Reading Online Novel

Mangrove Squeeze(3)



"This is funny?" said Cherkassky. "No."

"Luzhka," said Gennady Petrovich, using his favorite diminutive. "Soviet union  —you make jokes but you really don't remember, do you?"

Lazslo pecked at the French wine that he did not enjoy. He liked American beer. He liked American cars and American music, American cigarettes and American cheese, and he wanted to be down on Duval Street, chasing some American tail. He was twenty-six. He'd been seventeen when he got out of Moscow. With the facility of the young, he'd shed his accent and his beginnings almost perfectly. He said, "I can remember. But why bother?"

"Why bother," said Ivan Fyodorovich wistfully. The eyes went distant in his hollow face. "The cupolas, the snow on fur hats, so fresh you can see each flake—these you never miss?"

"Cut me a break," said Lazslo.

"And your parents?" said his uncle. "You think about your mother, your father?"

Lazslo thought it over, not for long. His parents, still troweling potatoes and knocking worms off cabbage on the other side of the world, were frightened round-faced peasants wearing coarse wool scarves. He said, "Only when you ask me if I do."

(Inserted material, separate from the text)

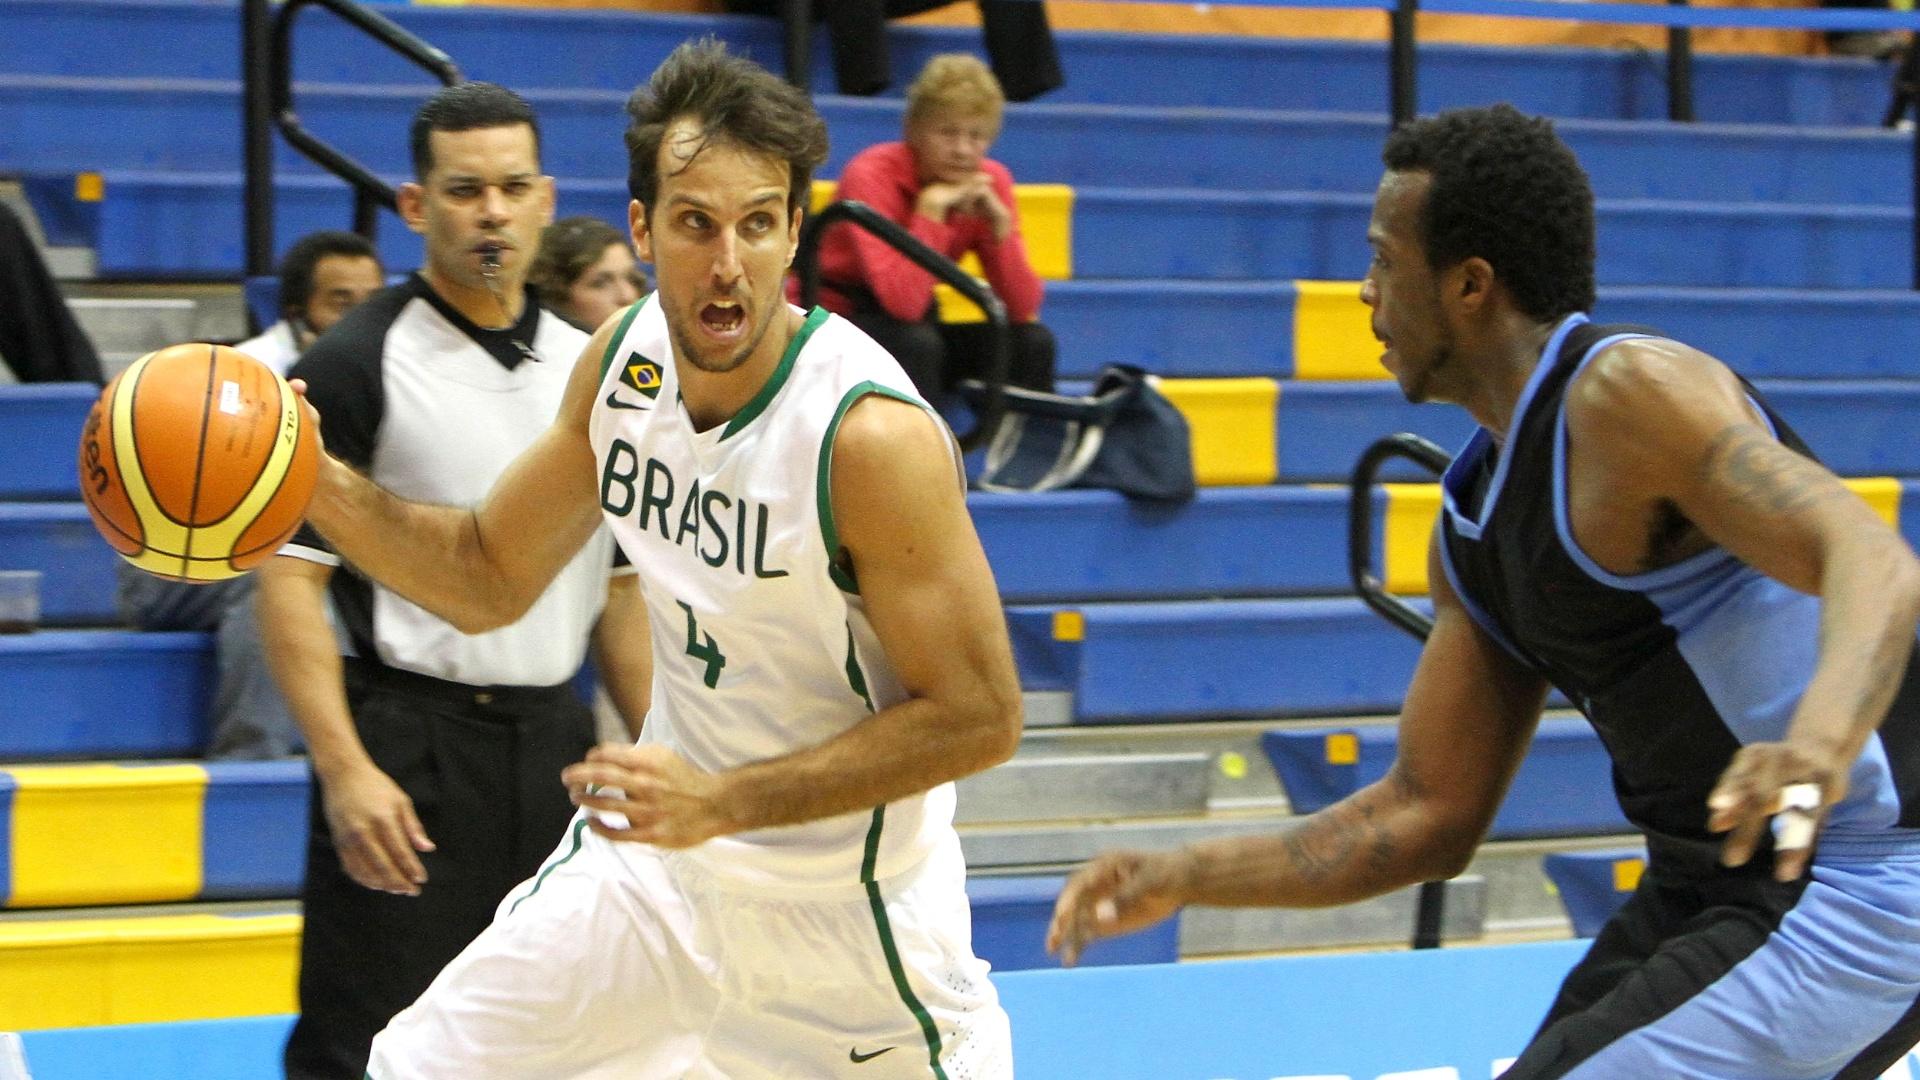 Marcelinho Machado tenta atacar na vitória brasileira sobre o Uruguai pela estreia do basquete masculino do Pan (26/10/2011)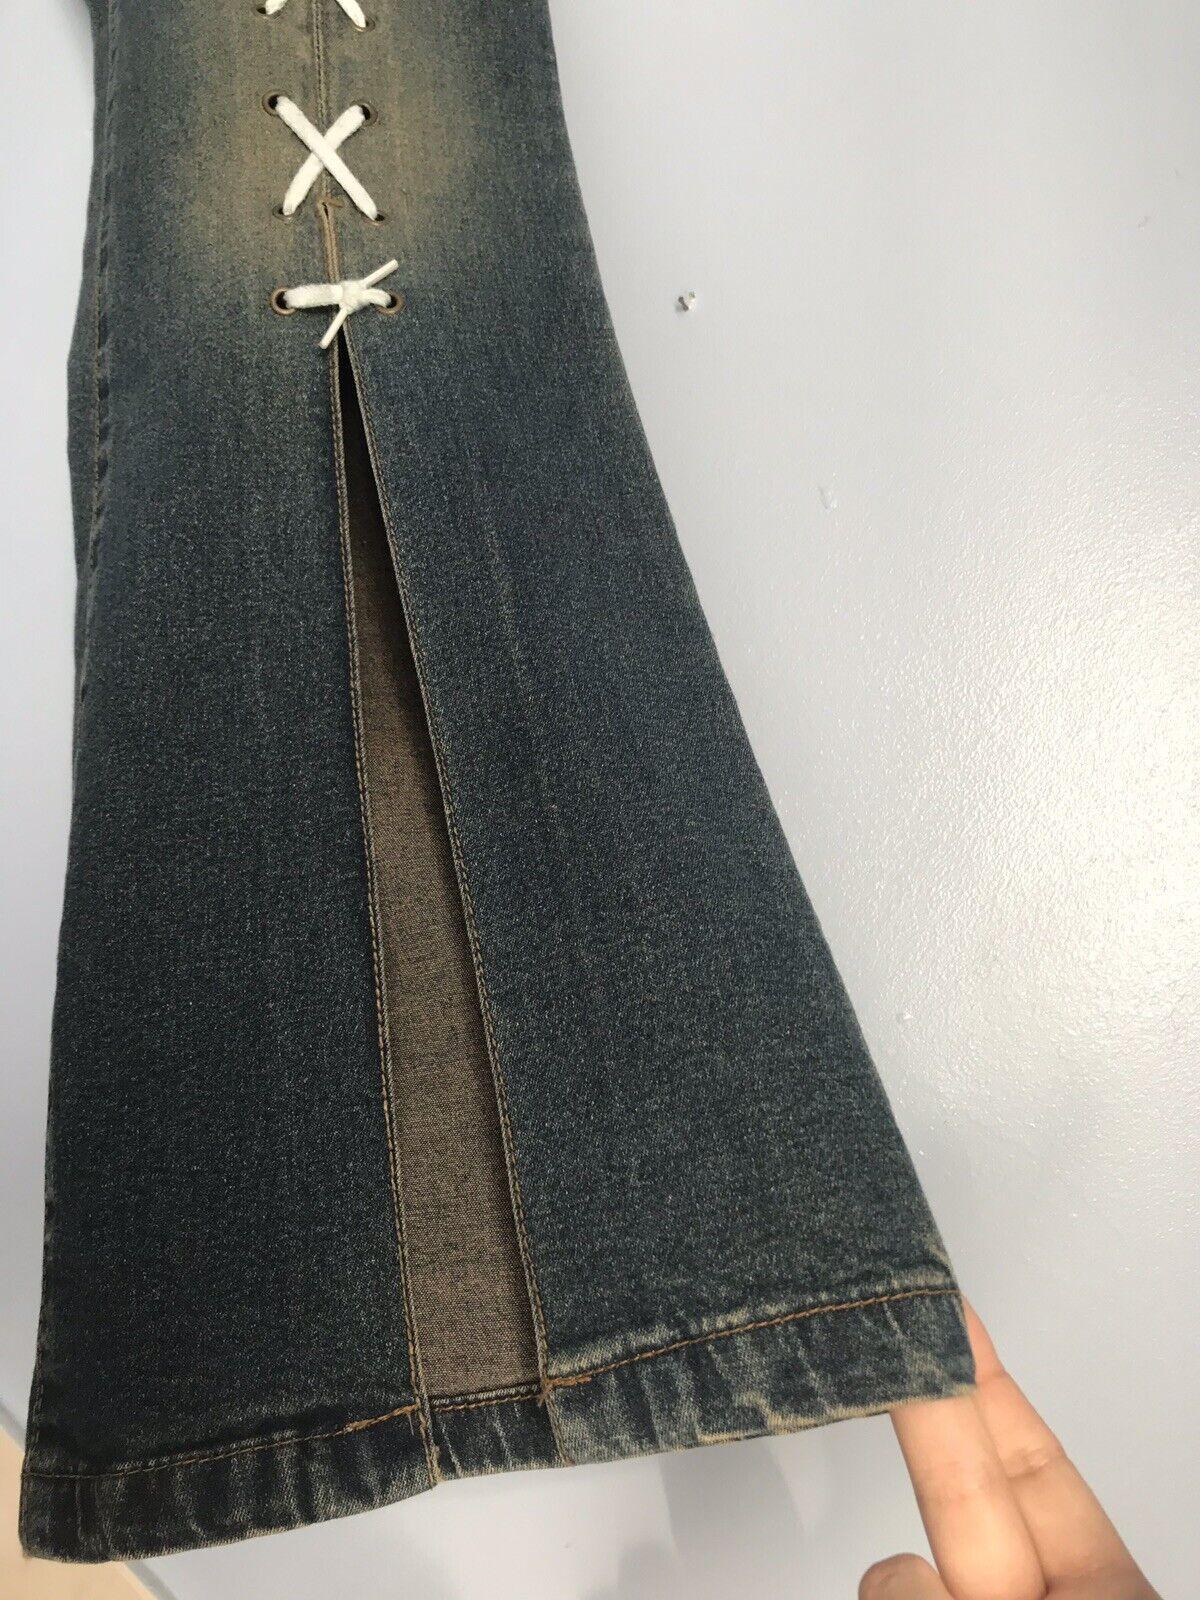 Agenda Vintage 90s Y2K Lace Up Corset High Waist Jeans Boho Hippie Festival 12

Markov put down his knife and fork, and patted his nephew's hand. He turned with pride toward Ivan Fyodorovich. "You see, Ivan," he said, "is solid, this boy. No reason to worry about this boy."

Softly but immovably, Cherkassky said, "I wish he is more careful—"

The doorbell rang, and Cherkassky fell silent before a single indiscreet syllable might perhaps be uttered. A moment later the housekeeper approached the table. "It is the mayor," she announced.

Markov frowned, produced a napkin, wiped his greasy chin. "Barbarian," he muttered, pushing back with effort from the table. "A man cannot enjoy his dinner?"

The handsome Lazslo could not hold back a smirk. "Be nice, Uncle," he whispered. "Smile at the dog turd."

The fat man rose, motioned to the others to keep on eating. "I come back," he said, "as little time it takes to reach into my pocket."





Chapter 2


They weren't bums, exactly, and they weren't exactly homeless. Their names were Pineapple and Fred, and they lived inside a giant hot dog.

They didn't own or rent the hot dog, but for all practical purposes it was theirs. It used to be a vending wagon, a novelty item that plied the trade on Smathers Beach. When the former owner got sick of selling wieners, he unhitched the wagon from his truck and abandoned it in the no-man's-land just east of the airport, in an expanse of mangroves that had been closely guarded military property back when Key West was a more important, more strategic place. Now they were simply unimportant mangroves, and in the mangroves the rule was finders-keepers.

Fred and Piney had lived in the fiberglass frank for three years now, and had made it rather homey. Below the curving sausage, the bulbous yellow roll was roomier than it looked, with a big window that had been the service counter, and an unlikely little door between the twin swellings of the bun. Fred could lay his sleeping mat full-length along the side of the roll that held the sink and the sauerkraut steamer. Pineapple's bedding fit neatly against the little propane fridge and underneath the rotisserie where the pronged wieners had gone round and round, getting redder, sweating as they went. Lying on their backs, the two men, by candlelight, could trace out squiggles of mustard molded in the ceiling. It was not a bad place to live.

On this particular January evening, they were lying there, when Pineapple broke a long silence. "Ya know what I sometimes wonder about?" he said.

Fred sucked his beer. Then, in a here-we-go-again sort of tone, he said, "No, Piney, what do you sometimes wonder about?"

Pineapple scratched at the sparse and scraggly beard that made a ragged frame for his long thin face. It was an archaic face, medieval, with an ascetic slot for a mouth, and nervous simmering eyes sunk deep in bony sockets. "I sometimes wonder," he announced, "if I was invited to the White House, would I go?"

Fred guffawed so that he sprayed a little beer and had to wipe his nicotine-stained walrus moustache on the back of his hand. "Piney," he said, "why would you be invited to the White House? You're a fuckin' dirtbag."

Pineapple squirmed against the scratched chrome door of the little fridge. He said, "Let's leave that on the side for now. My question is this. I'm invited, do I go?"

Fred stared up at the ceiling. The ceiling was rough from the mold of the fiberglass, he could see fabric on the inside of the frank. "And whaddya wear?" he asked. "Shorts with the ass out and no shoes on your stinking feet?"